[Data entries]

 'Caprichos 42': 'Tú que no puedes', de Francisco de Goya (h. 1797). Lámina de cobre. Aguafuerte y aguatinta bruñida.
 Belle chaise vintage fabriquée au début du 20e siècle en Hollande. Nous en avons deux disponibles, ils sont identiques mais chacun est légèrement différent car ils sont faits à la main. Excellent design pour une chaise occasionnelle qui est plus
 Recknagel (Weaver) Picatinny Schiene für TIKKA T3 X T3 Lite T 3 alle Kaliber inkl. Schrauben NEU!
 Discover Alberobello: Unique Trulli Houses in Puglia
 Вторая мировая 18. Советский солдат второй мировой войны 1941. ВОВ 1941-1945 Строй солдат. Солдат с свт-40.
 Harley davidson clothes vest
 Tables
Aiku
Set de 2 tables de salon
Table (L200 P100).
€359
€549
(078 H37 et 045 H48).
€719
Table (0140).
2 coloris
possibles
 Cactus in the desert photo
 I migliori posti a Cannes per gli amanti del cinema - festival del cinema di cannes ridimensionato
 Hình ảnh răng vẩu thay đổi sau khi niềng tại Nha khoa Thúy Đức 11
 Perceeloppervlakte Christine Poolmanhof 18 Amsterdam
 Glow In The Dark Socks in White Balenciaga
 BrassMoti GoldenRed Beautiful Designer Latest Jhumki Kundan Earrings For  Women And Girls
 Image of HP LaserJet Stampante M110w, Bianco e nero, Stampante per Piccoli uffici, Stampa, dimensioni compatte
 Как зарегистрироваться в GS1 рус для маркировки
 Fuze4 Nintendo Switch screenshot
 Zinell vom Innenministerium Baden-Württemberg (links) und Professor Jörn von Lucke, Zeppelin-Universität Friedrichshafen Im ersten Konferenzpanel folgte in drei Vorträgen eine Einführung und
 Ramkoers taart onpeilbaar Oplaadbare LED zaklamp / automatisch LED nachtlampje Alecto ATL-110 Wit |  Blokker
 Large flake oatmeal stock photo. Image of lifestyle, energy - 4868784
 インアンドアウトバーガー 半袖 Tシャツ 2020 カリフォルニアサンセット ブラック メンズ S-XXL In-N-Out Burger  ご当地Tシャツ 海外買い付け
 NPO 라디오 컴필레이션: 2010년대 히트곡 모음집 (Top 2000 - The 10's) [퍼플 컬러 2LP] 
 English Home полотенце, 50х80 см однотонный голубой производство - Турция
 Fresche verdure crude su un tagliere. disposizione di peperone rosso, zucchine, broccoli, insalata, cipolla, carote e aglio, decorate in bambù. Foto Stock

▸ **EXERCISE DIRECTIONS**
All of the data needs to be reproduced exactly, with no line missing.

▸ **OUTPUT OF THE EXERCISE**
 'Caprichos 42': 'Tú que no puedes', de Francisco de Goya (h. 1797). Lámina de cobre. Aguafuerte y aguatinta bruñida.
 Belle chaise vintage fabriquée au début du 20e siècle en Hollande. Nous en avons deux disponibles, ils sont identiques mais chacun est légèrement différent car ils sont faits à la main. Excellent design pour une chaise occasionnelle qui est plus
 Recknagel (Weaver) Picatinny Schiene für TIKKA T3 X T3 Lite T 3 alle Kaliber inkl. Schrauben NEU!
 Discover Alberobello: Unique Trulli Houses in Puglia
 Вторая мировая 18. Советский солдат второй мировой войны 1941. ВОВ 1941-1945 Строй солдат. Солдат с свт-40.
 Harley davidson clothes vest
 Tables
Aiku
Set de 2 tables de salon
Table (L200 P100).
€359
€549
(078 H37 et 045 H48).
€719
Table (0140).
2 coloris
possibles
 Cactus in the desert photo
 I migliori posti a Cannes per gli amanti del cinema - festival del cinema di cannes ridimensionato
 Hình ảnh răng vẩu thay đổi sau khi niềng tại Nha khoa Thúy Đức 11
 Perceeloppervlakte Christine Poolmanhof 18 Amsterdam
 Glow In The Dark Socks in White Balenciaga
 BrassMoti GoldenRed Beautiful Designer Latest Jhumki Kundan Earrings For  Women And Girls
 Image of HP LaserJet Stampante M110w, Bianco e nero, Stampante per Piccoli uffici, Stampa, dimensioni compatte
 Как зарегистрироваться в GS1 рус для маркировки
 Fuze4 Nintendo Switch screenshot
 Zinell vom Innenministerium Baden-Württemberg (links) und Professor Jörn von Lucke, Zeppelin-Universität Friedrichshafen Im ersten Konferenzpanel folgte in drei Vorträgen eine Einführung und
 Ramkoers taart onpeilbaar Oplaadbare LED zaklamp / automatisch LED nachtlampje Alecto ATL-110 Wit |  Blokker
 Large flake oatmeal stock photo. Image of lifestyle, energy - 4868784
 インアンドアウトバーガー 半袖 Tシャツ 2020 カリフォルニアサンセット ブラック メンズ S-XXL In-N-Out Burger  ご当地Tシャツ 海外買い付け
 NPO 라디오 컴필레이션: 2010년대 히트곡 모음집 (Top 2000 - The 10's) [퍼플 컬러 2LP] 
 English Home полотенце, 50х80 см однотонный голубой производство - Турция
 Fresche verdure crude su un tagliere. disposizione di peperone rosso, zucchine, broccoli, insalata, cipolla, carote e aglio, decorate in bambù. Foto Stock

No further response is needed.